Qualitatively speaking, the JPNese navy, forget the 'Self Defense' label, is higher than the PLAN. The JPNese navy have been keeping up with US on the technology front for as long as the alliance have been around.
Ever since the Izumo's construction, experts both in and outside Japan have pointed out the possibility of turning it into a full-fledged aircraft carrier.
However, the Defense Ministry publicly denied any plan to deploy fighter jets with strike capabilities on the Izumo and contended that it was not an aircraft carrier.
The ministry has since done an abrupt about-face and now is mulling the possibility of refitting the vessel into an aircraft carrier.

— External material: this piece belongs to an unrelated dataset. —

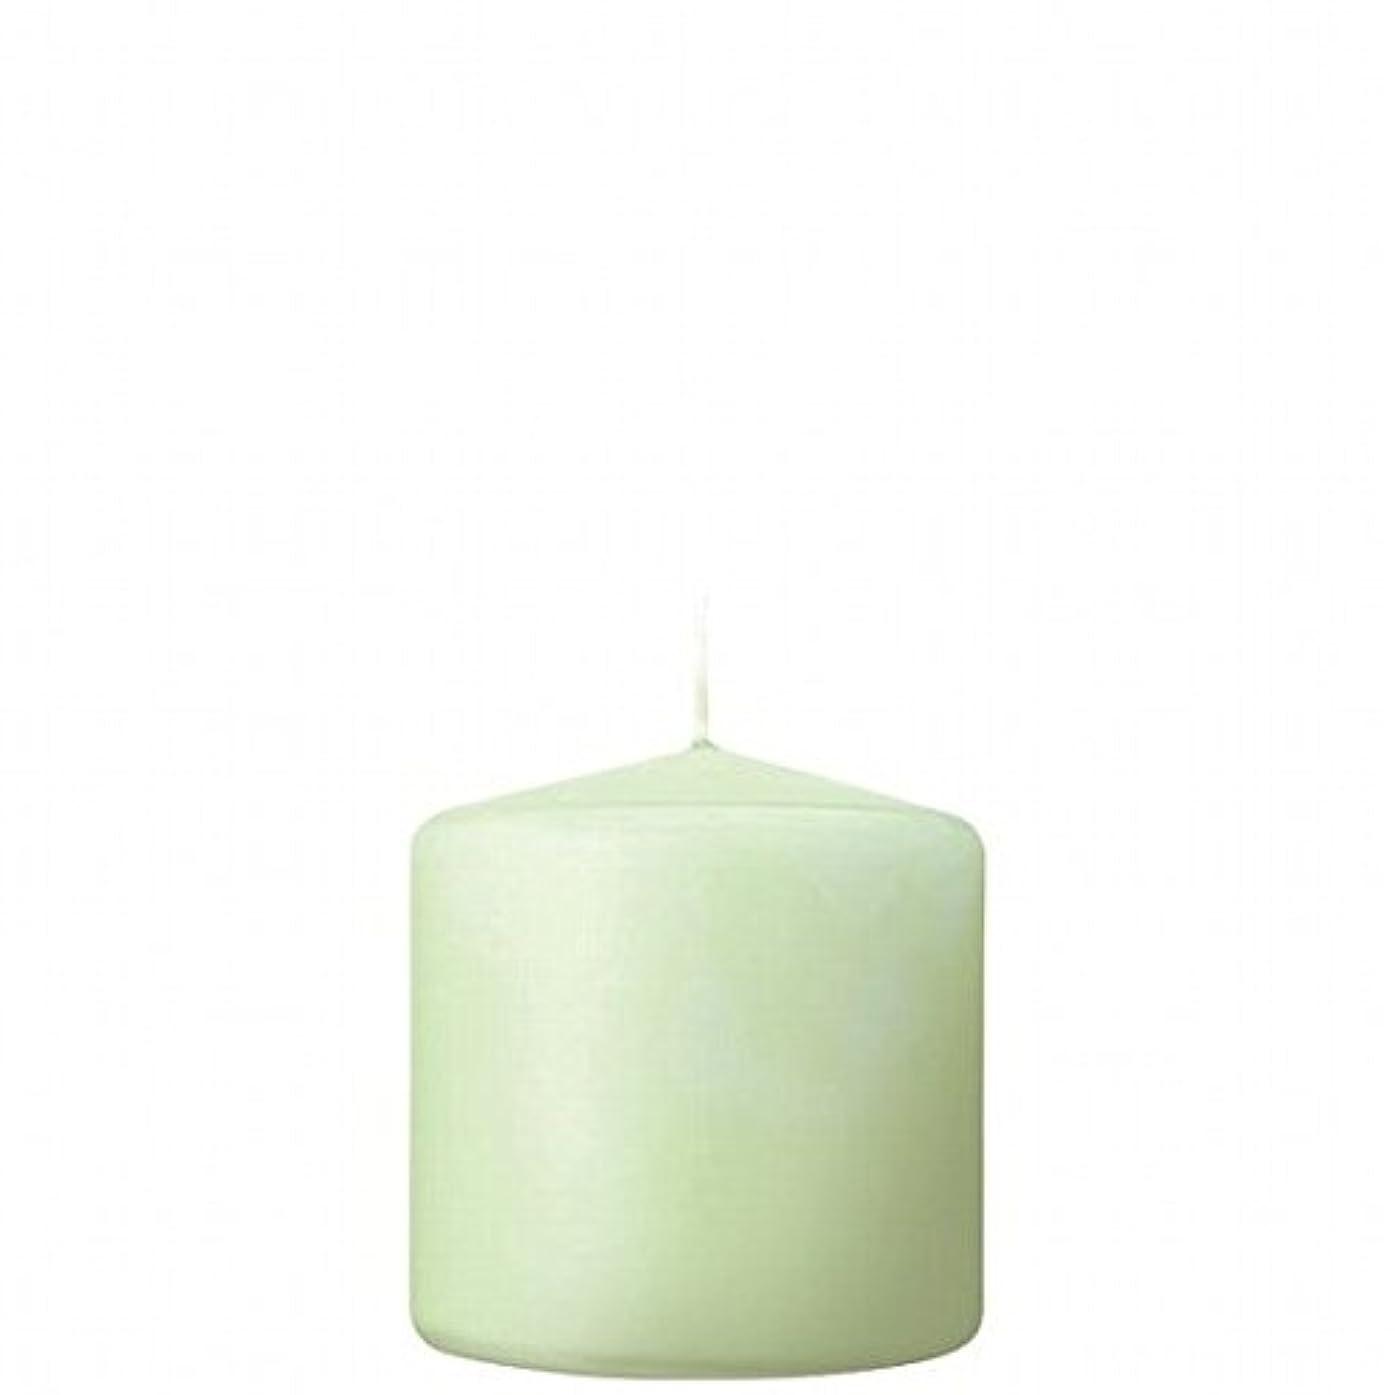 エンディング構成臭いkameyama candle(カメヤマキャンドル) 3×3ベルトップピラーキャンドル 「 ホワイトグリーン 」(A9730000WG)

Of course the Defense will publicly deny the Izumo was designed as a full fledged 'aircraft carrier'. But the technical aspects of the ship and the experience of observers cannot be denied of what the Izumo really is -- a genuine aircraft carrier. Putting on a ramp and reinforcing the deck for temperature rating is technologically easy for the JPNese, no matter how much JPN haters may bark about those two items.
Japan will be the strongest in the region (unless we count the Us Navy), in the future China could surpass them.
Even if China surpassed JPN in terms of naval power in the SCS, that does not mean JPN cannot be a military thorn and prickly enough to prevent the SCS from falling into China's hand.
Naval battles are not the same as land battles. Sailors do not fight each other like soldiers do. On the waters, who wins depends equally on technology as well as how good are the sailors know of their ships. You are deterred if you perceive the other side to be as good as you are.